What you will do: In the listing below, find the line with "Boutique Omega Apollo 11" and the line with "Sexinsex 极乐神教 赵丽颖 celebfake", then return them and every line between them exactly, minus the pictures.

Records provided:
====================
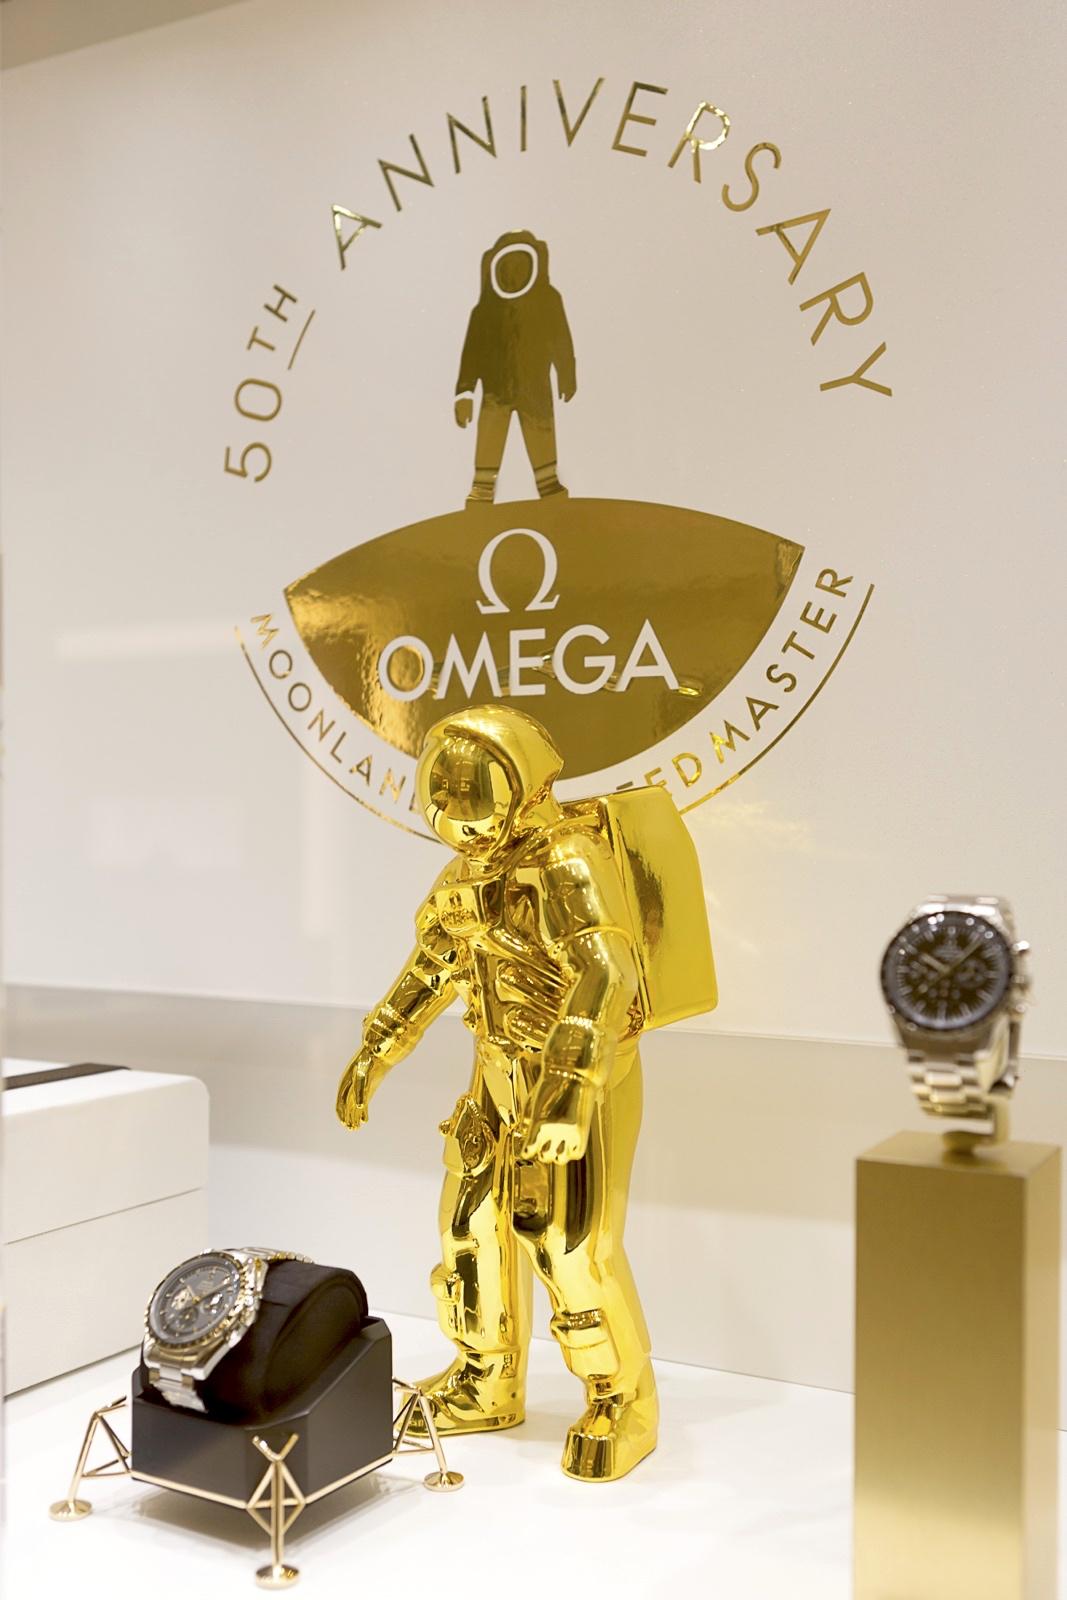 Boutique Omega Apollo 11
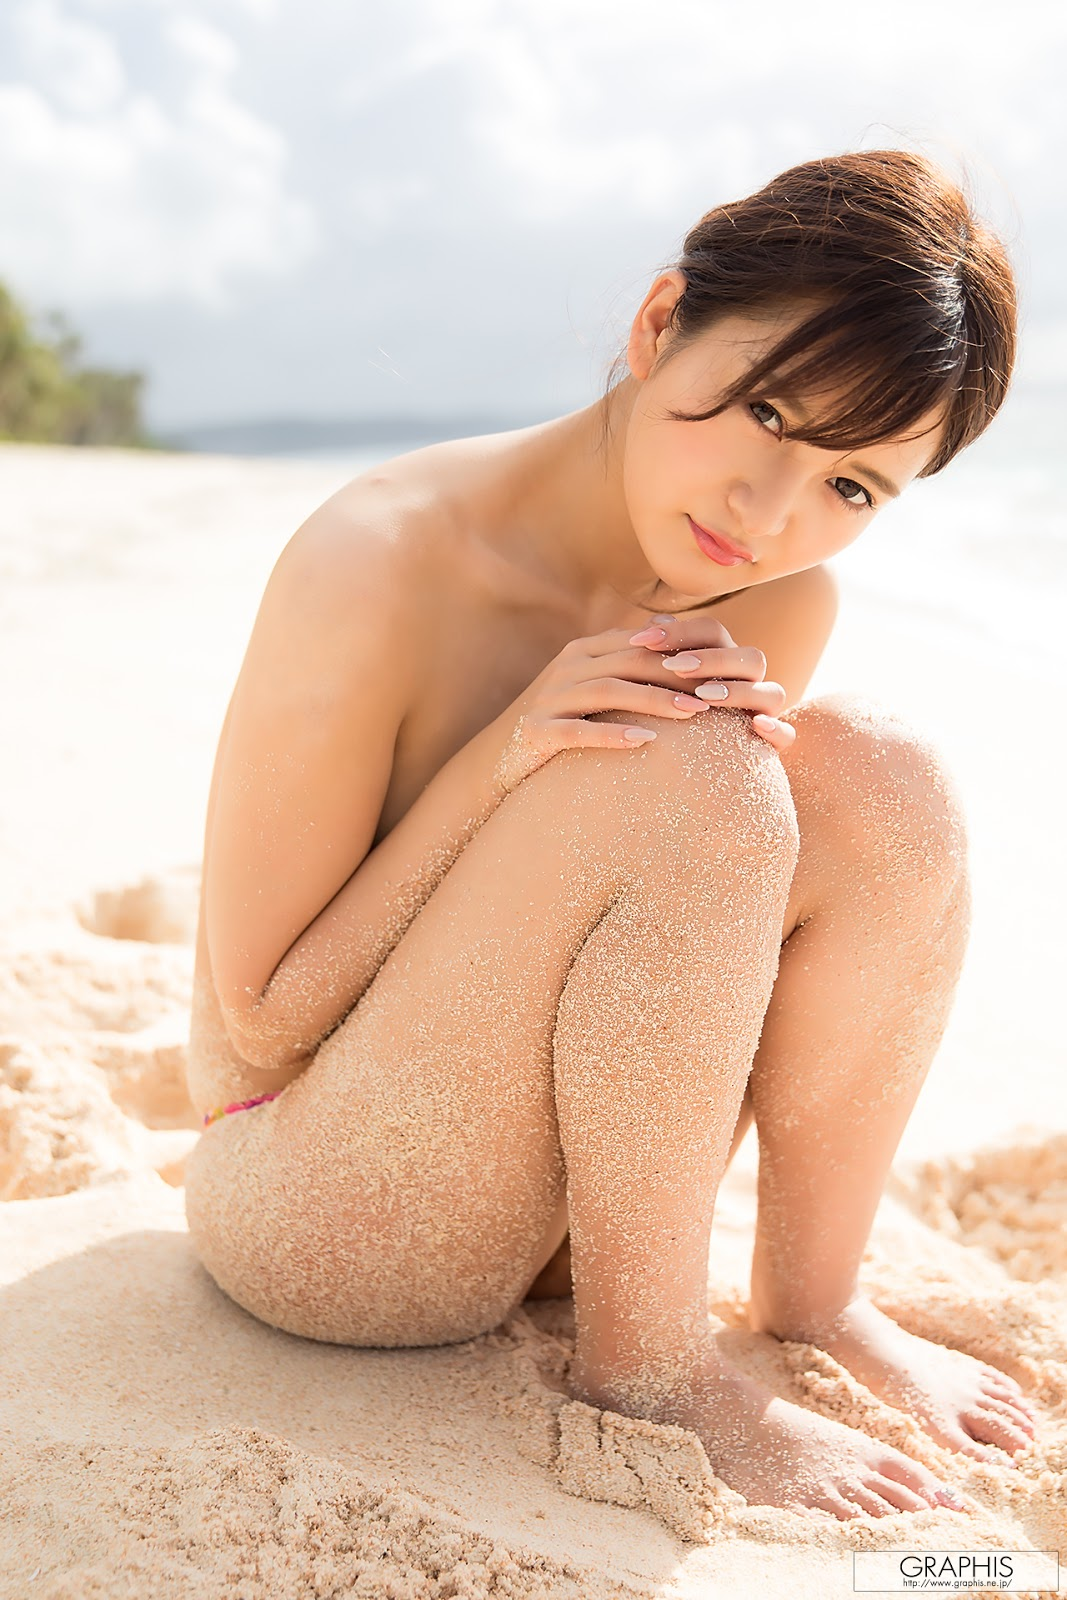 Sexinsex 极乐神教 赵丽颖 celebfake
====================
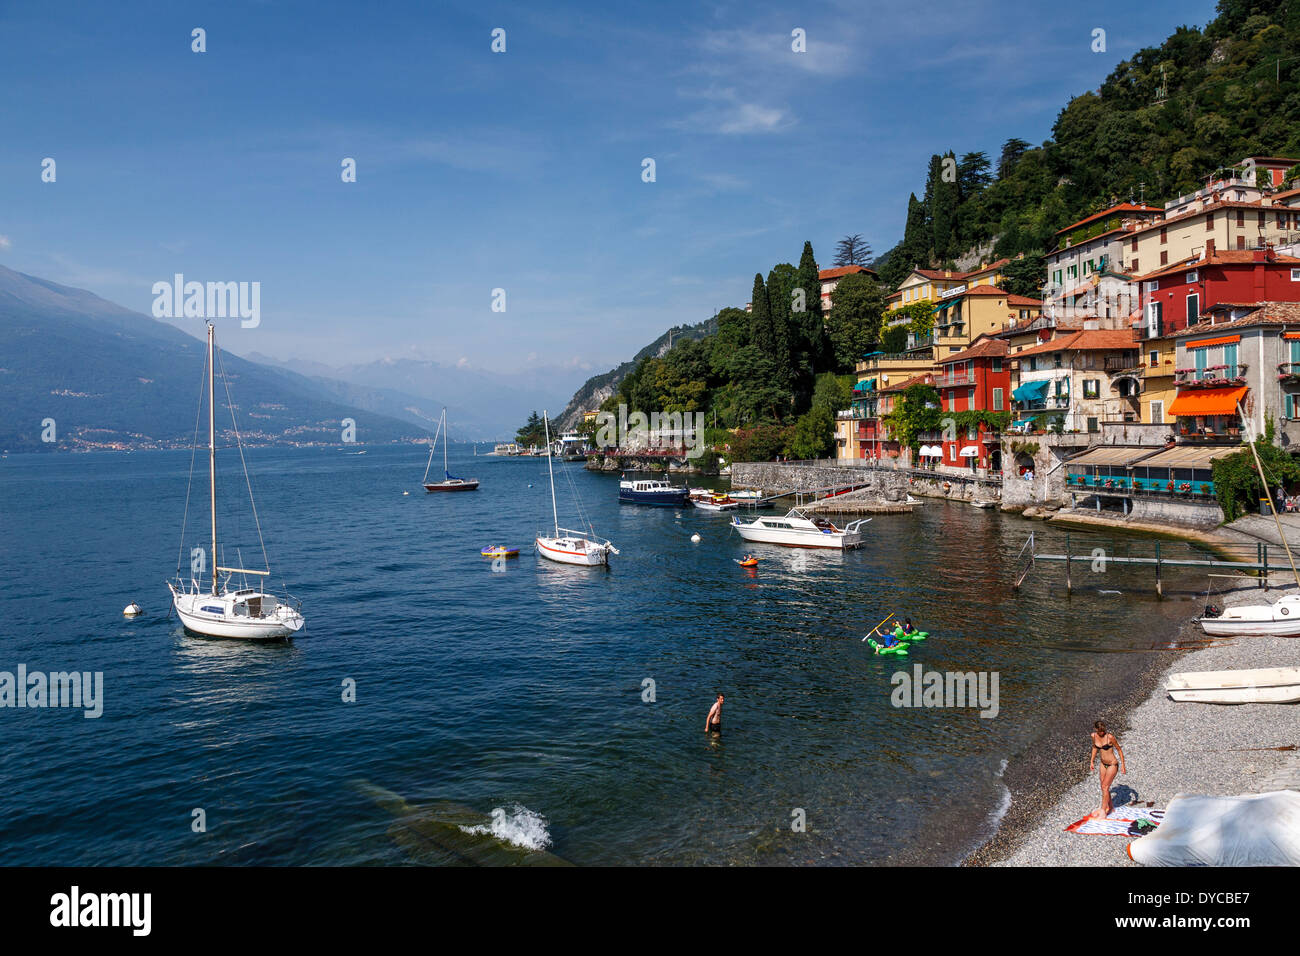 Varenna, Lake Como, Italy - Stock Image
====================
Written answer:
 Boutique Omega Apollo 11
 Sexinsex 极乐神教 赵丽颖 celebfake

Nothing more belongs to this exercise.